Recall from last time...
Murdock (1961) presented subjects with a set of memory items (i.e., words or letters) and asked them to recall the items after six different retention intervals: $t=1,3,6,9,12,18$ (in seconds). He recorded the proportion recalled at each retention interval (based on 100 independent trials for each $t$). These data were (respectively)
$$ y=0.94, 0.77, 0.40, 0.26, 0.24, 0.16 $$Last time, we fit a power function to these data
In [7]:
import matplotlib.pyplot as plt
import numpy as np
from scipy.optimize import minimize
# assign data to arrays
T = np.array([1, 3, 6, 9, 12, 18])
Y = np.array([0.94, 0.77, 0.40, 0.26, 0.24, 0.16])
X = 100*Y
# plot raw data
plt.plot(T, Y, 'o')
plt.xlabel('Retention interval (sec.)')
plt.ylabel('Proportion recalled')
# negative log likelihood
def nllP(pars):
a, b = pars
tmp1 = X*np.log(a*T**b)
tmp2 = (100-X)*np.log(1-a*T**b)
return(-1*np.sum(tmp1+tmp2))
# minimize the NLL
a_init = np.random.uniform()
b_init = -np.random.uniform()
inits = np.array([a_init, b_init])
mleP = minimize(nllP,
inits,
method="nelder-mead")
#
def power(t,pars):
a, b = pars
return(a*t**b)
fitParsP = mleP.x
print(f"a={fitParsP[0]:.3f}, b={fitParsP[1]:.3f}")
x = np.linspace(0.5,18,100)
plt.plot(x, power(x,fitParsP))
plt.show()
Let's assume each of these 100 trials is independent of the others, and consider each trial a success if item is correctly recalled.
Then the probability of correctly recalling $x$ items is:
$$ f(x\mid\theta) = \binom{100}{x}\theta^x(1-\theta)^{100-x} $$The critical parameter here is $\theta$ -- the probability of success on any one trial. How do we determine $\theta$?
Let's assume that probability of recall is governed by a exponential function. That is, assume
$$ \theta(t) = ab^t $$for constants $a,b$.
Then we can write $$ f(x,t\mid a,b) = \binom{100}{x}(ab^t)^x(1-ab^t)^{100-x} $$
which we cast as a likelihood
$$ L(a,b\mid x,t) = \binom{100}{x}(ab^t)^x(1-ab^t)^{100-x} $$Note that the formula above is for a single observation $(x,t)$. But we have 6 observations!

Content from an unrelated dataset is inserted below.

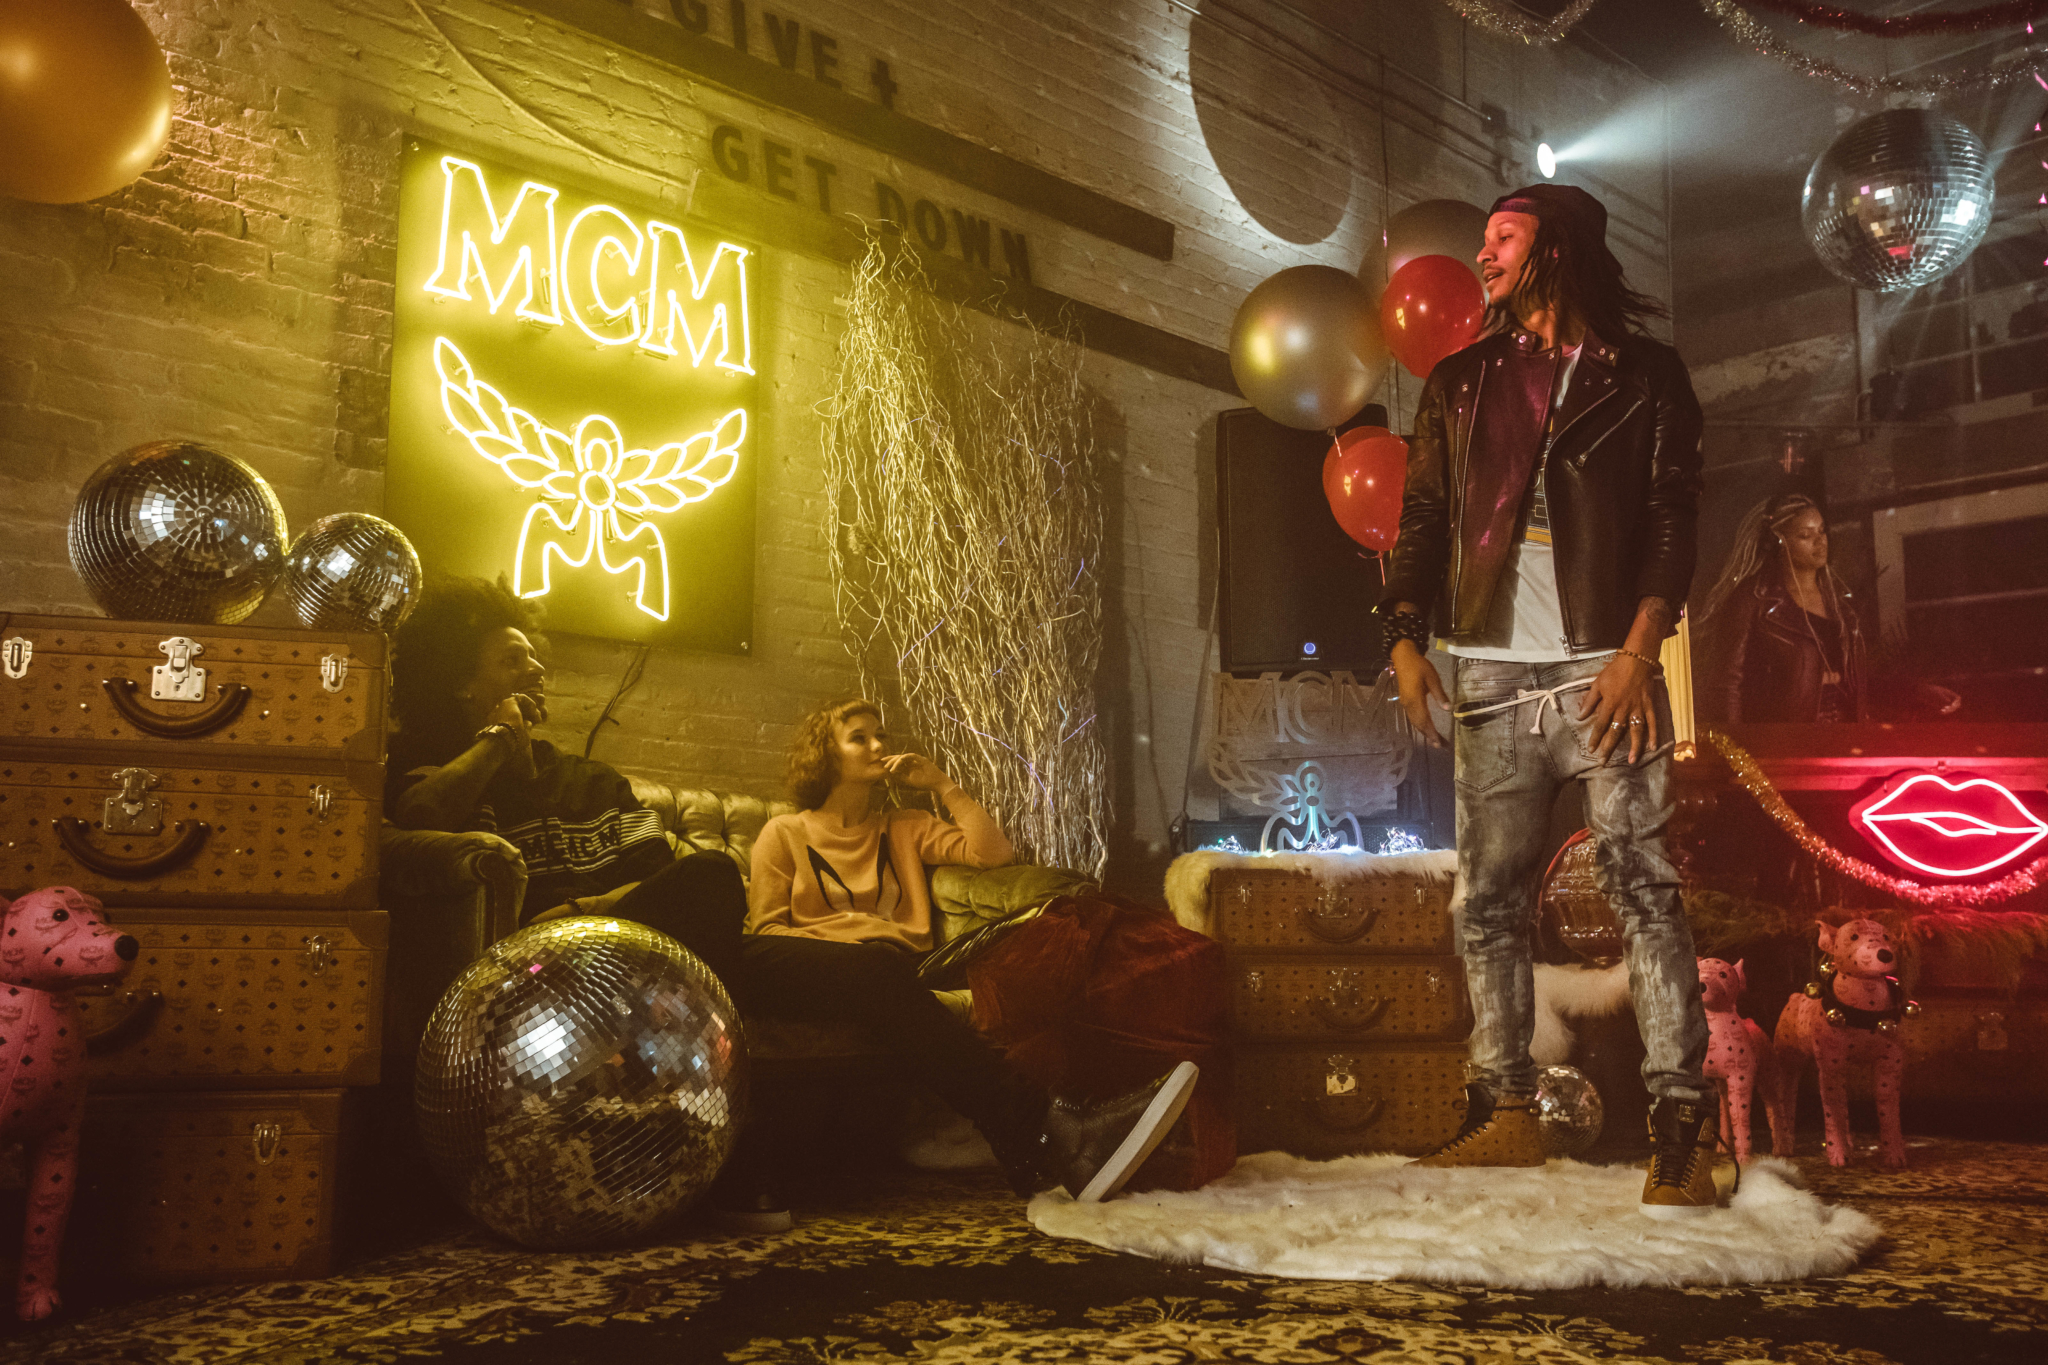 MCM Holiday 2017

If we assume each is independent from the others, then we can multiply the likelihoods:
$$ L = \prod_{i=1}^6 L(a,b\mid x_i, t_i) $$Thus we have
$$ \ln L = \ln\Biggl(\prod_{i=1}^6 L(a,b\mid x_i,t_i)\Biggr ) $$But since logs turn products into sums, we can write
$$ \ln L = \sum_{i=1}^6 \ln L(a,b\mid x_i,t_i) = \sum_{i=1}^6 \Biggl(\ln \binom{100}{x_i} + x_i\ln(ab^{t_i}) + (100-x_i)\ln(1-ab^{t_i})\Biggr)$$As before, we'll ignore the binomial term in our code
In [0]:
def nllE(pars):
a, b = pars
tmp1 = X*np.log(a*b**T)
tmp2 = (100-X)*np.log(1-a*b**T)
return(-1*np.sum(tmp1+tmp2))
In [0]:
# check some examples
a = 0.6
b = 0.1
pars = np.array([a,b])
nllE(pars)
Out[0]:
In [0]:
a_init = np.random.uniform()
b_init = np.random.uniform()
inits = np.array([a_init, b_init])
mleE= minimize(nllE,
inits,
method="nelder-mead")
print(mleE)
In [0]:
def expon(t,pars):
a, b = pars
return(a*b**t)
fitParsE = mleE.x
print(f"a={fitPars[0]:.3f}, b={fitPars[1]:.3f}")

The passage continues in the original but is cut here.